Hi,
I’ve been trying to use TProof::Process(“runner.cpp++”). There is one downside to this - it forces a local build of runner.cpp. Can I avoid this? I definately want it to build on the slave (and I suppose the master)! But there is just no need locally.
The thing is - I have no need for a local build. Further, in one executable I make a bunch of these builds so if I want to keep ROOT clean I need to unload each one (painful)… and the build takes of order a minute.
I was hoping I could send the builds remotely with the TProof::Load, and then just give Process the class name. However, that doesn’t seem to work as it expects it to be a file!
The file ‘runner.cpp’ and the corresponding header define a TSelector class from which a TSelector object is initialized on the workers and on the client. PROOF needs these instances of the processed TSelector, so the answer to your question is, no, you cannot skip the local instantiation of the TSelector class.
I understand that compiling each time takes time, but why do you need to force recompilation with ‘++’? Does it mean that you want to rebuild even if the code did not change?
[quote=“gwatts”]I was hoping I could send the builds remotely with the TProof::Load, and then just give Process the class name. However, that doesn’t seem to work as it expects it to be a file!
[/quote]
You can also specify the selector by class name, but it expects it defined also on the client.
It looks like that you would like a processing mode in which nothing is done on the client except receiving the final output list. This we don’t have now; it may fit into a plan that we have to make the client lighter.
Hi,
Thanks! The “++” was a type-o when I wrote up the post. In my code I use only “+”. Thanks for pointing that out - some of these builds take forever!

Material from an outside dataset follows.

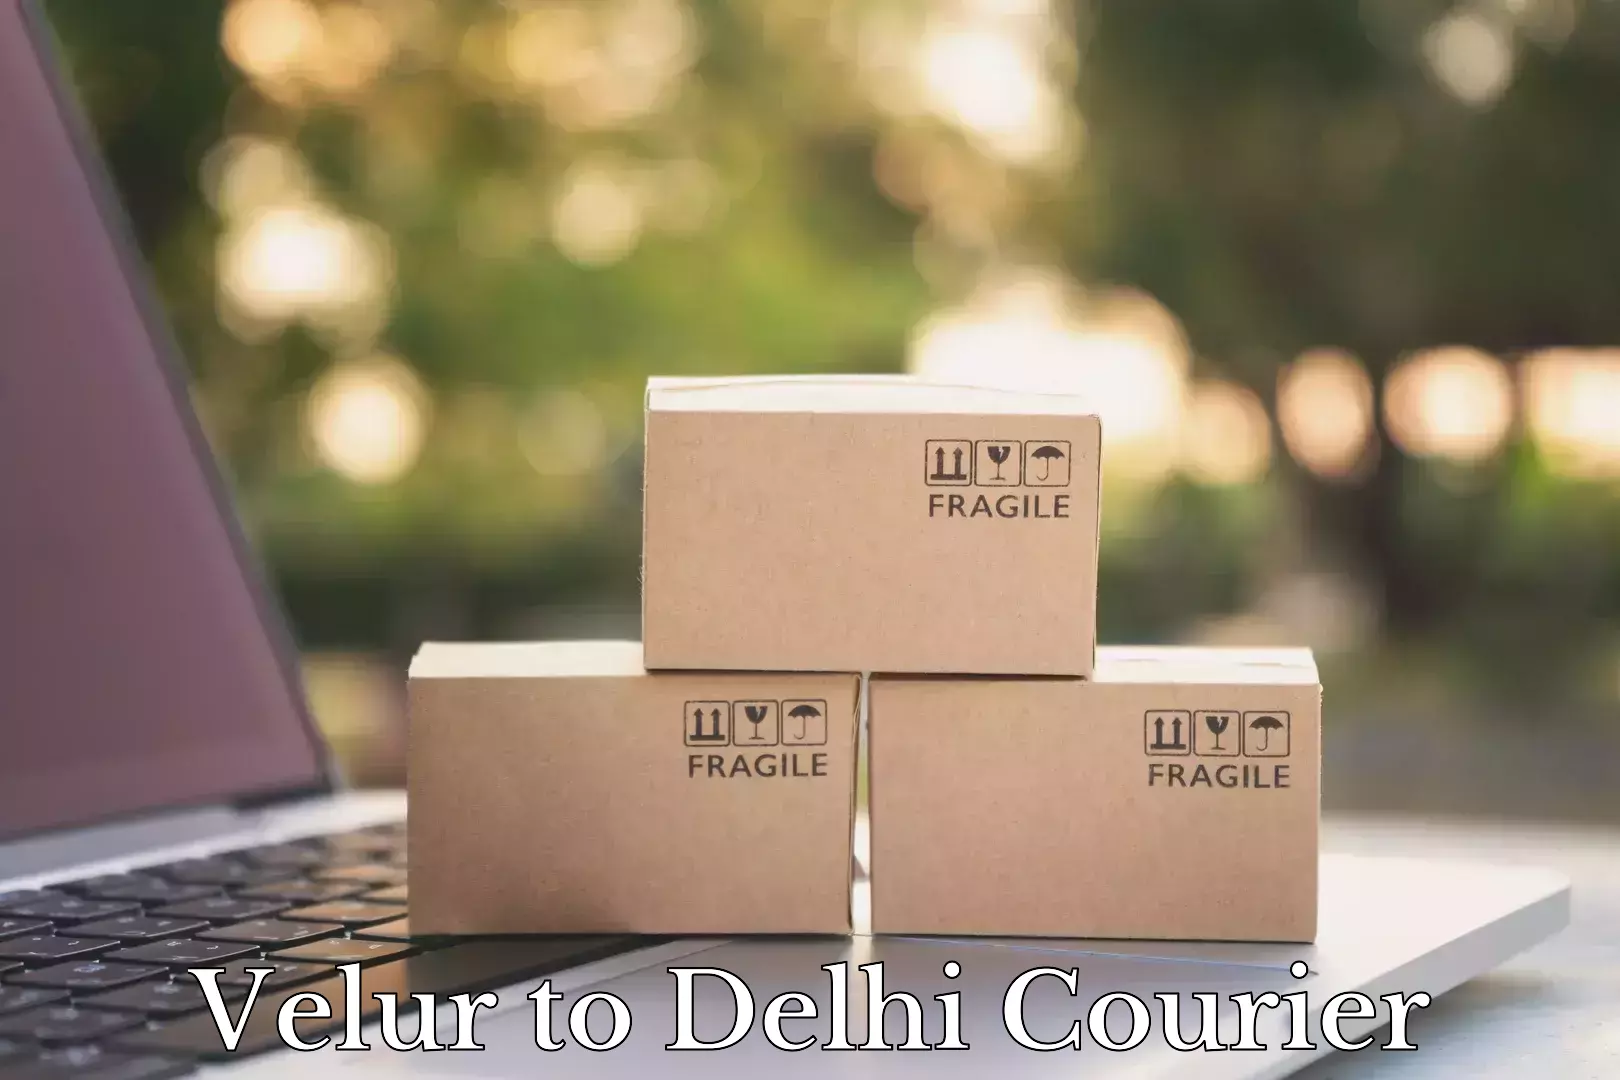 Furniture relocation experts Velur to Jhilmil
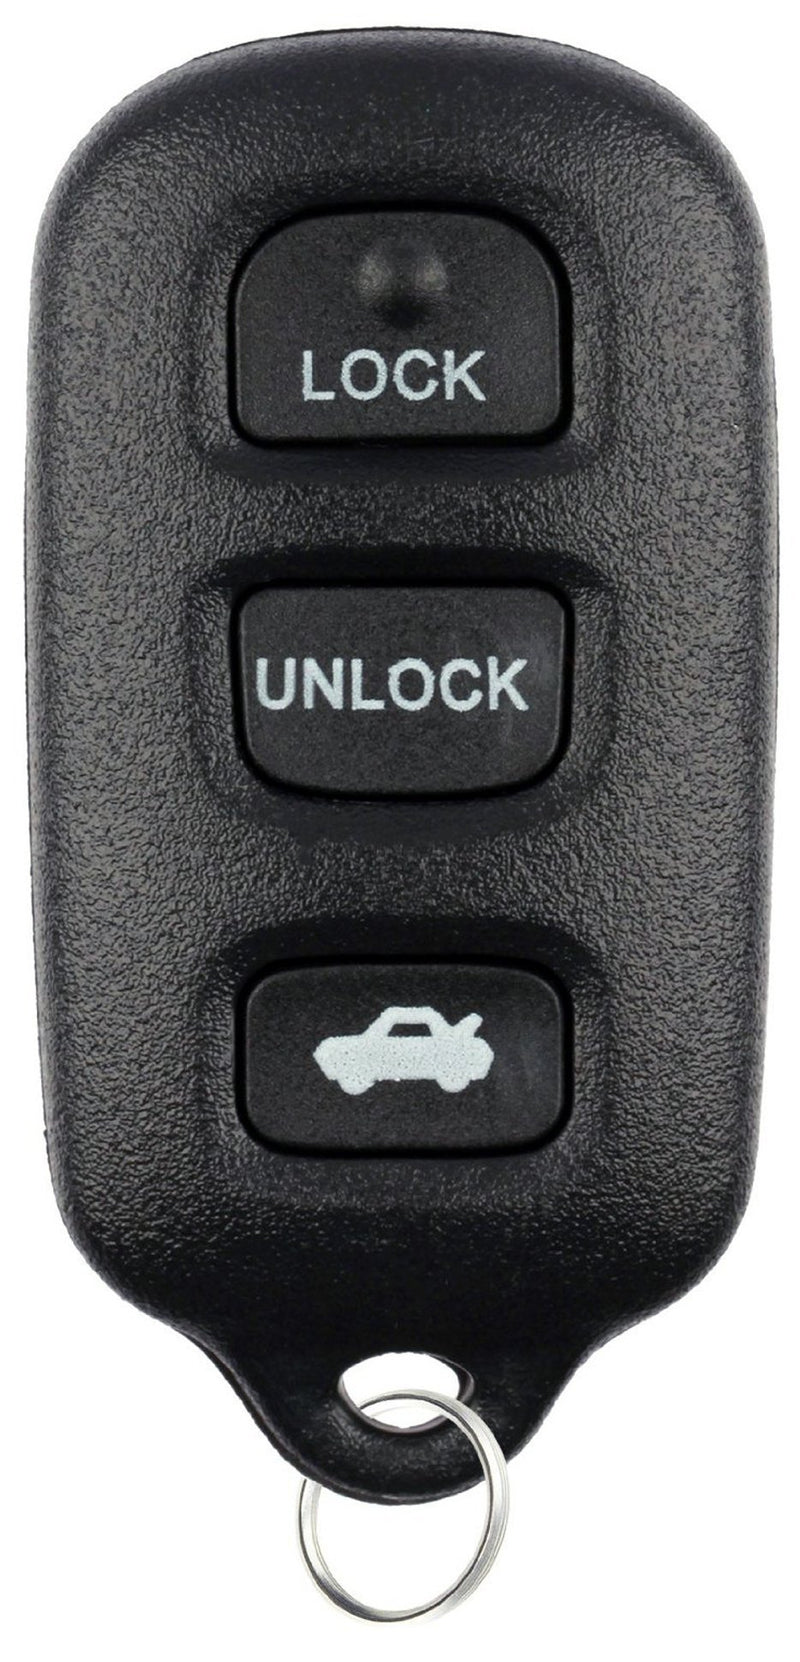 KeylessOption Keyless Entry Remote Control Fob Car Key Replacement for GQ43VT14T

Ok, the key here is - the client needs to know the class. I’ve got infrastructure in my code to deal with that - it is just always a bit tricky unloading things correctly in ROOT - you are never totally sure when someone else is holding a reference to an object in the loaded library.
The other thing that I’ve run afoul of is that you always expect a header file. Currently I use MakeProxy to generate a .h file, and then in my .cpp file I define the class and the code to actually run the TTree (if it isn’t clear what I mean, see the attached files). I like this because the .cpp file with the actual query is generated by my code, and thus I have everything in a single file. When running on a TTree locally this setup is no problem. It looks like the PROOF system isn’t flexible enough to handle this setup - I will have to split my TSelector definition into two files. Is that correct?
Proof does not require to have the selector in two files, but it needs that all files are available when needed. Files with extension .h or .hh and with the same name as the .cpp are automatically uploaded. Other files are not and you have to upload them separately.
To do that youca use Load or, if you have several of them, a PAR file. Proof automatically creates a link to the PAR package top dir and adds ‘-I’ to the include path, so you can include these files directly in your selector.
Hi,
Ok. So exactly how should I deal with this in my case? Lets say using your PutFile trick (in teh other post) I work around the current bug and so I can use Load to transfer and build all the code locally on my client and on the master and on the workers. Then I create my TSelector object locally. I then want to call TProof::Process, don’t I? I can’t do that directly b/c there doesn’t look like there is a TProof::Process that takes a TSelector* as an argument. So, what would be the proper way to run my dataset on the proof cluster? Do I build a TChain out of my dataset or something like that, and then use it’s Process?